[Data excerpt Boundary: Start]
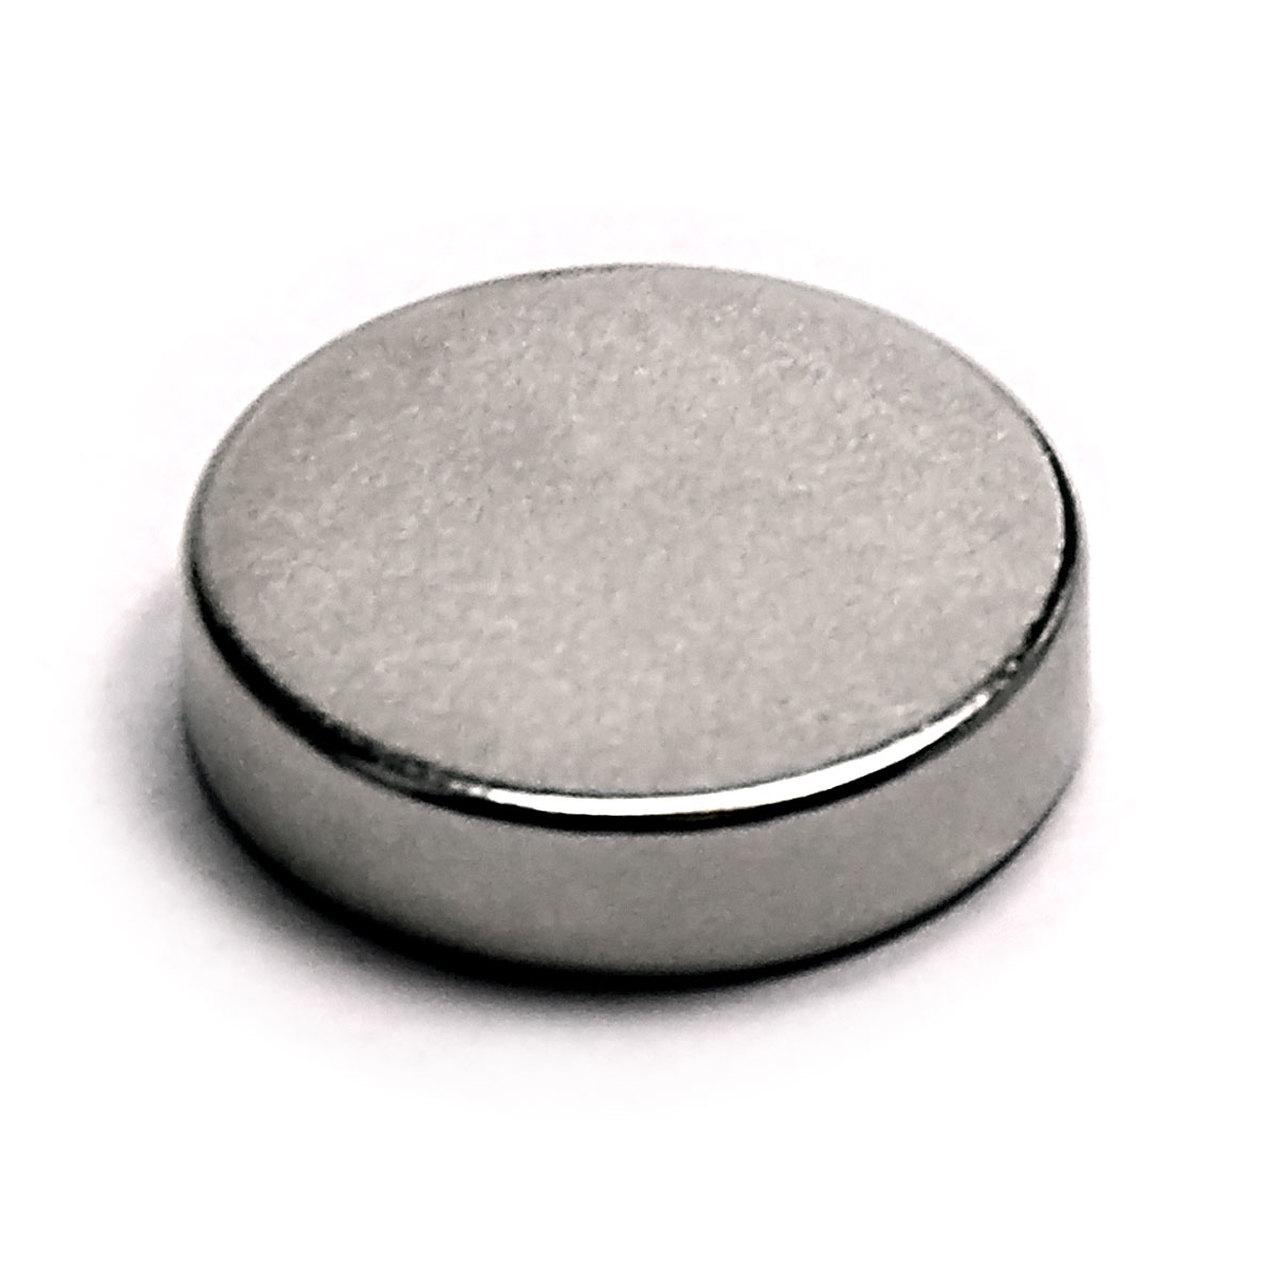 Selecting Neodymium Disc Magnets
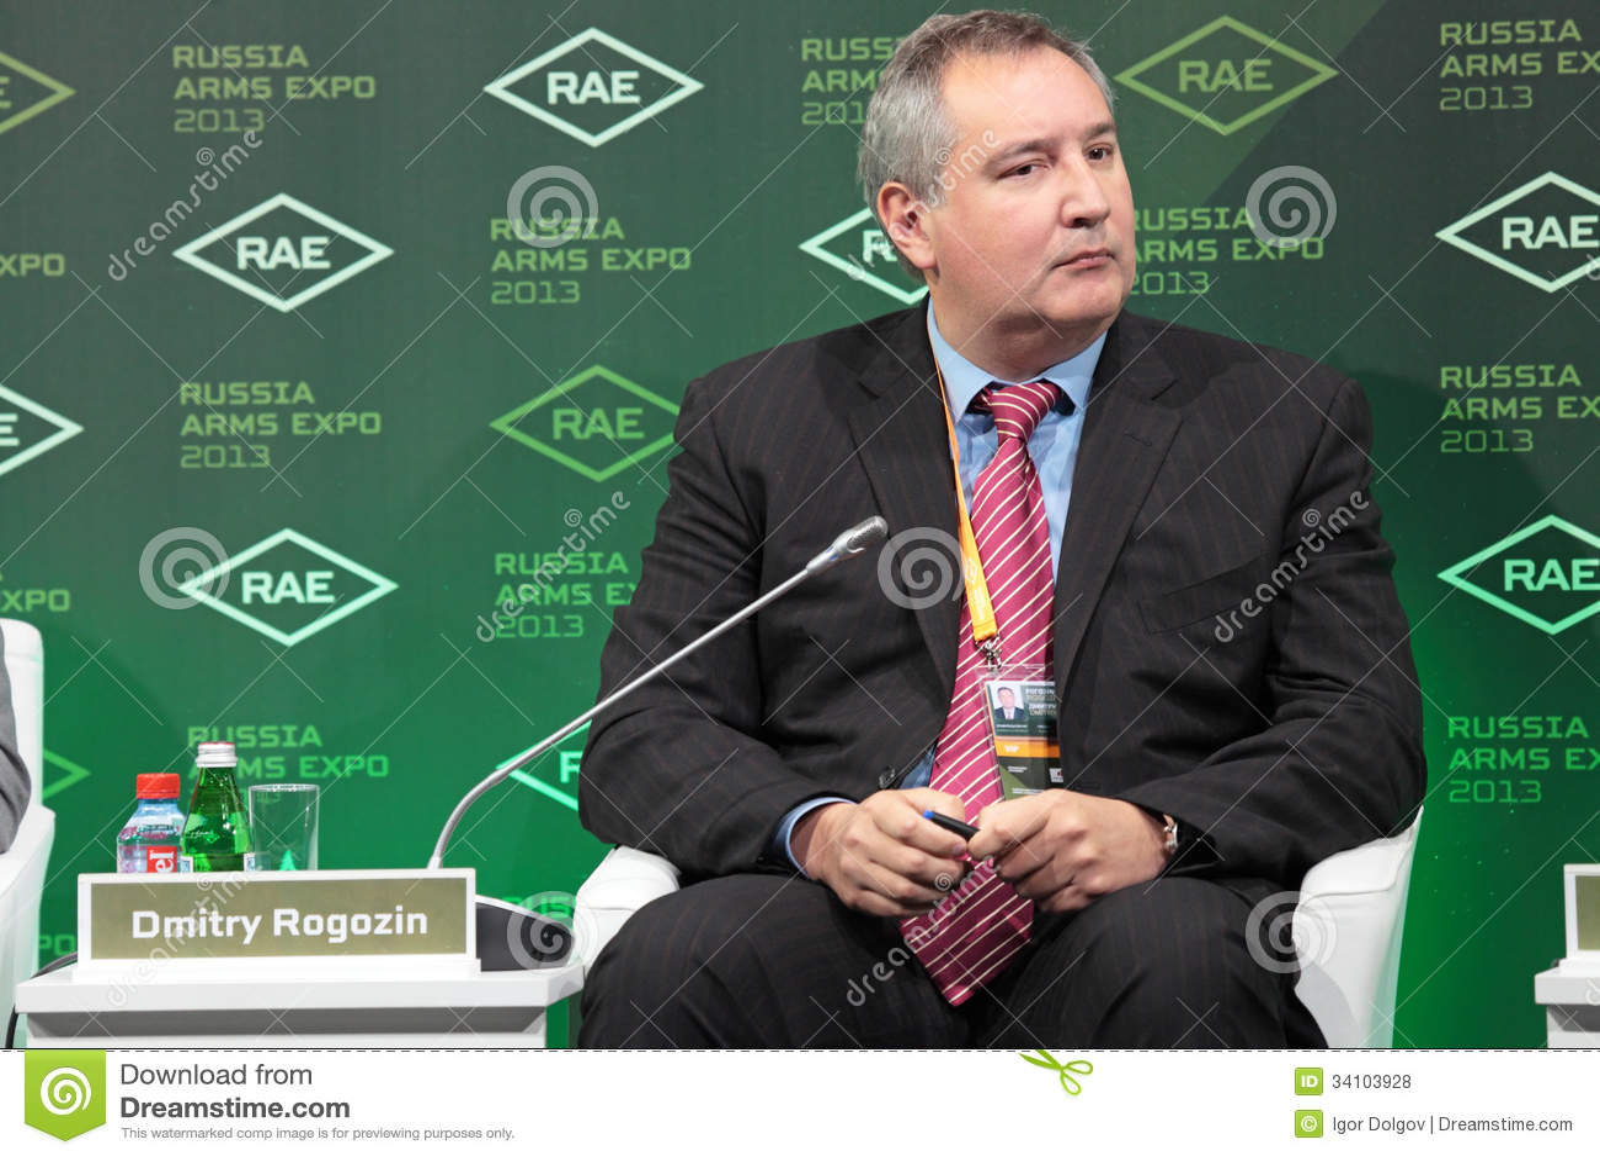 Dmitry Rogozin Editorial Stock Photo - Image: 34103928
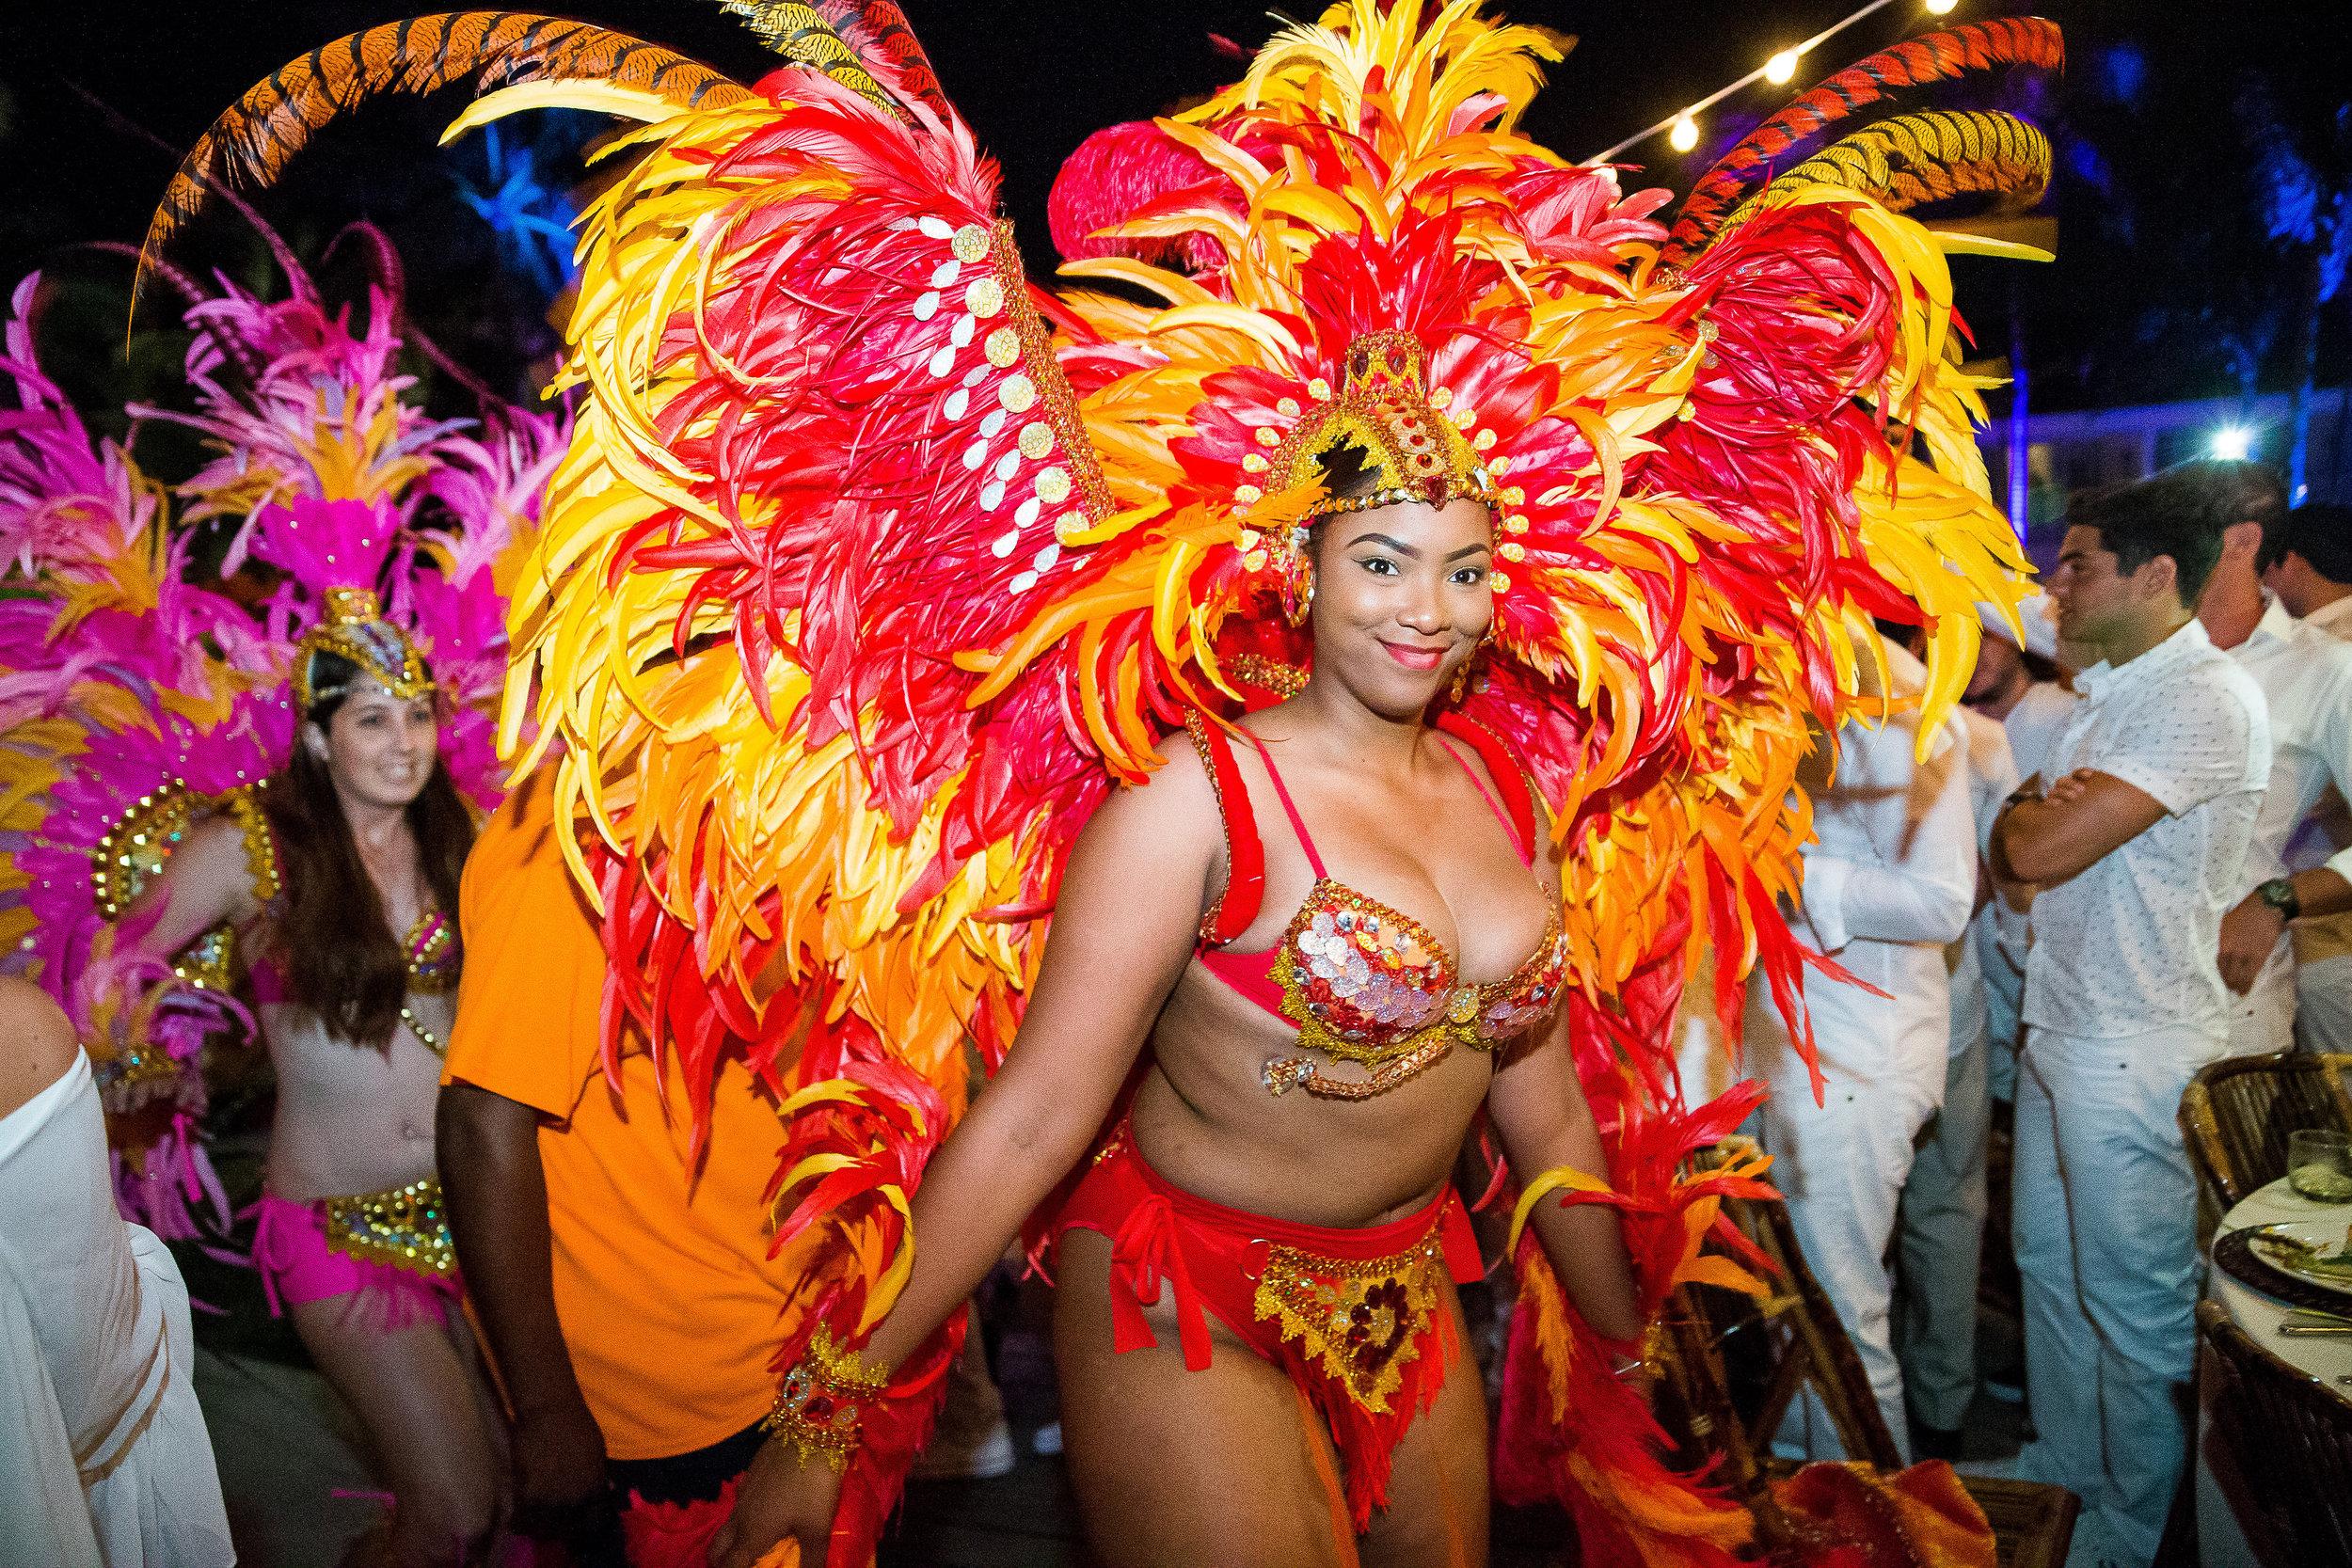 Ceci_New_York_Ceci_Style_Ceci_Johnson_Luxury_Lifestyle_Destination_Bahamas_Wedding_Letterpress_Inspiration_Design_Custom_Couture_Personalized_Invitations_47.jpg
[Data excerpt Boundary: End]
Work order:
Your task is to repeat the listing exactly while omitting its pictures.

Solution for this problem:
 Selecting Neodymium Disc Magnets
 Dmitry Rogozin Editorial Stock Photo - Image: 34103928
 Ceci_New_York_Ceci_Style_Ceci_Johnson_Luxury_Lifestyle_Destination_Bahamas_Wedding_Letterpress_Inspiration_Design_Custom_Couture_Personalized_Invitations_47.jpg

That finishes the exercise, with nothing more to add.